TASK:
For this exercise, restate word for word only the lines from the one containing "Culinarius Beteiligungs und Management GmbH" through the last line below. Pictures do not get copied.

*** DATASET EXTRACT ***

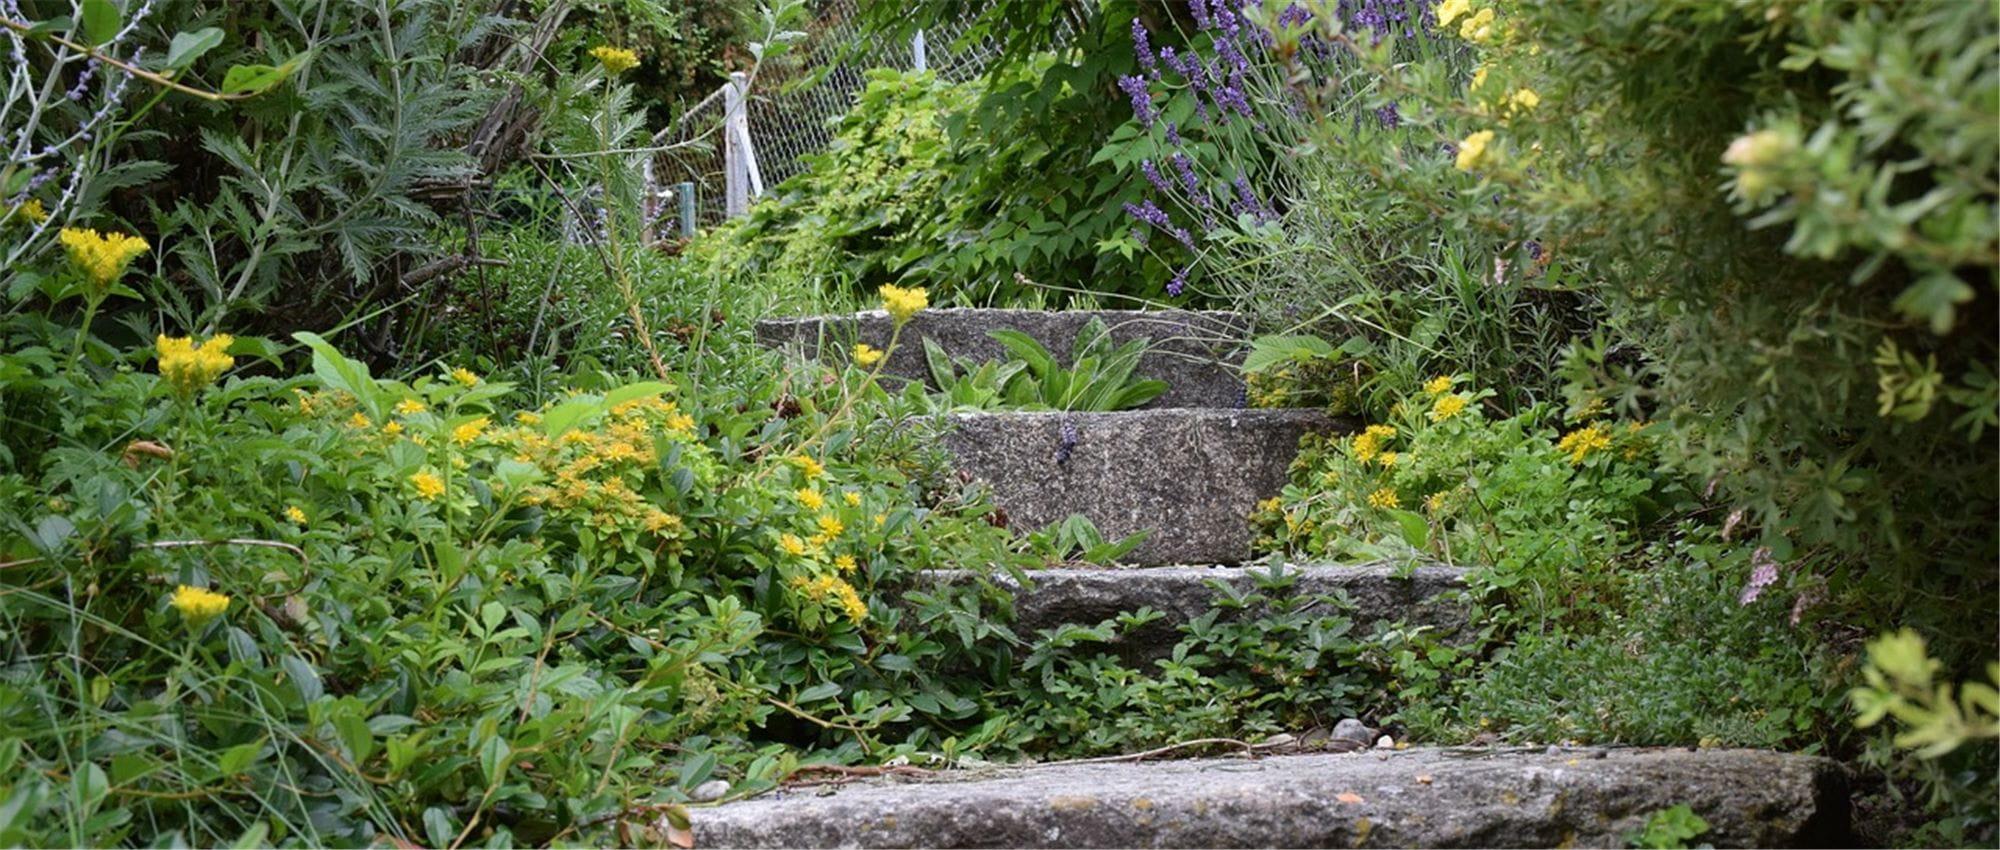 Comment Aménager Son Jardin En Pente comment aménager un jardin en pente ? - gardena
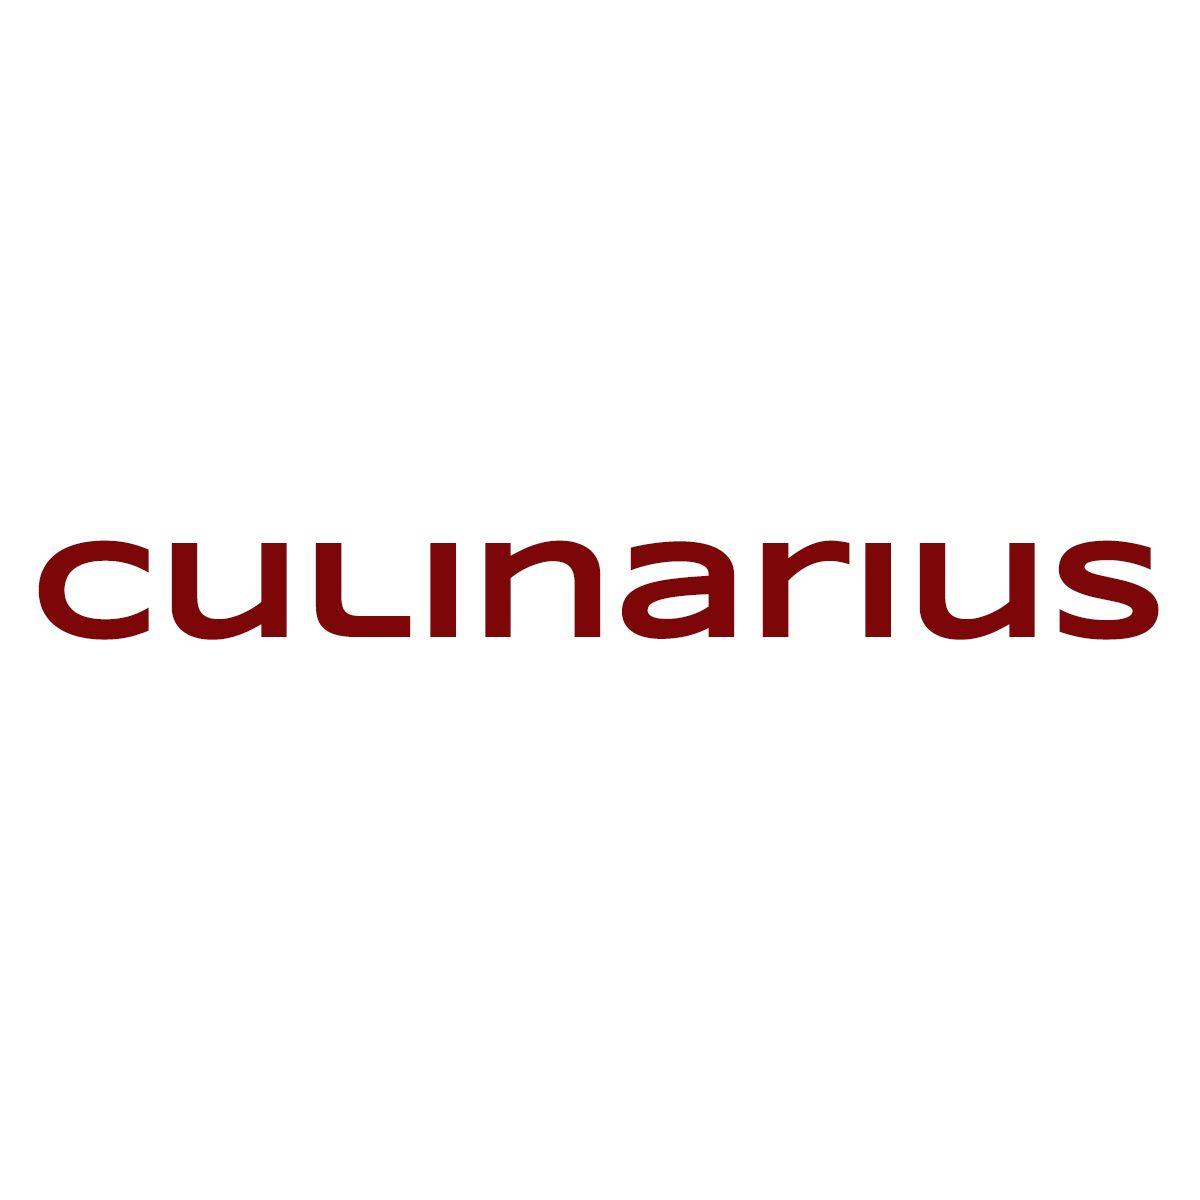 Culinarius Beteiligungs und Management GmbH
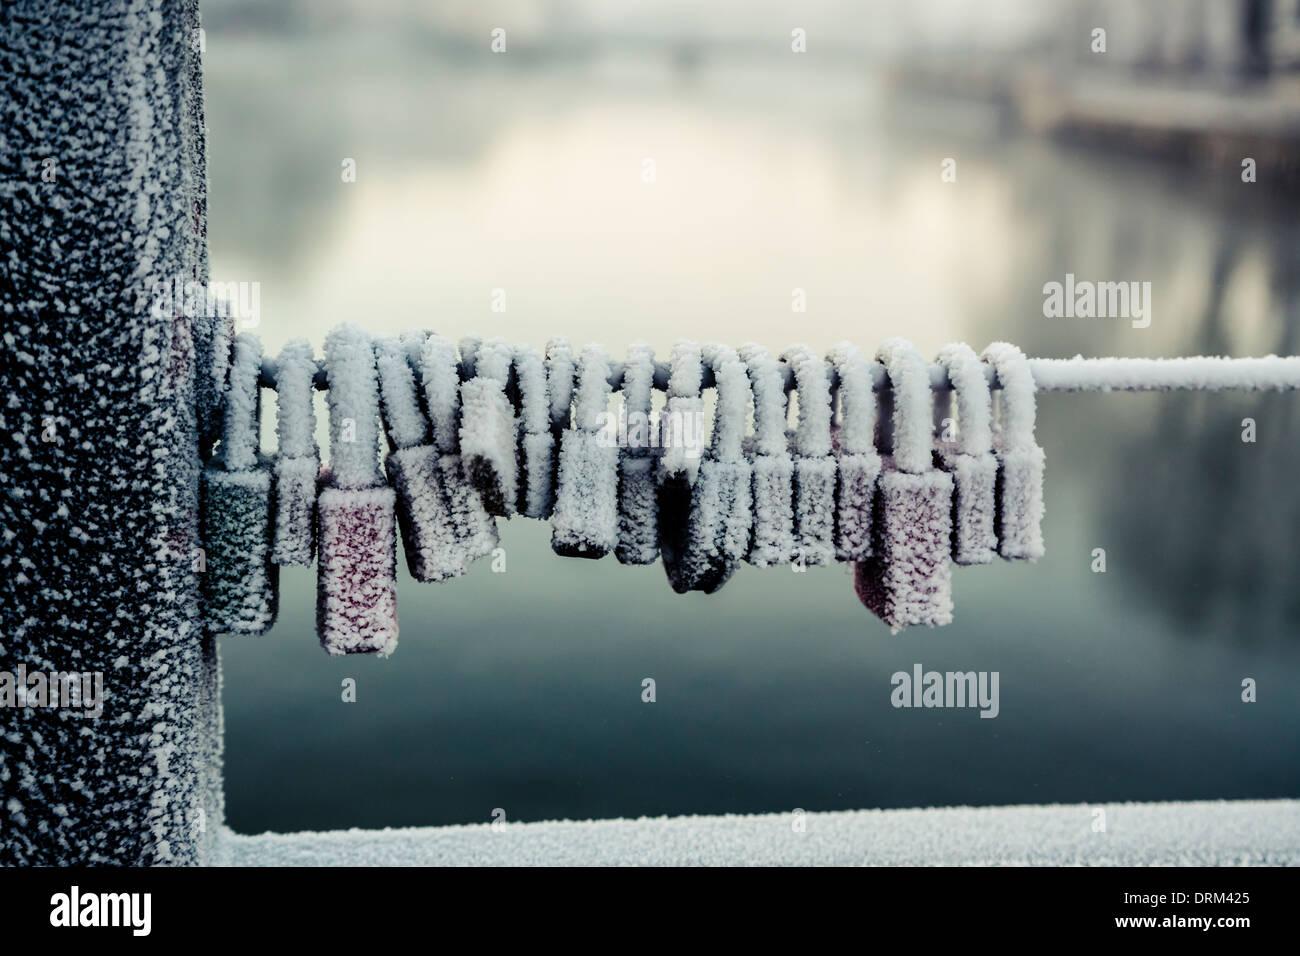 Deutschland, Bayern, Landshut, Liebe Schlösser eingefroren Stockbild

*** End of DATASET EXTRACT ***

TASK RESULT:
 Culinarius Beteiligungs und Management GmbH
 Deutschland, Bayern, Landshut, Liebe Schlösser eingefroren Stockbild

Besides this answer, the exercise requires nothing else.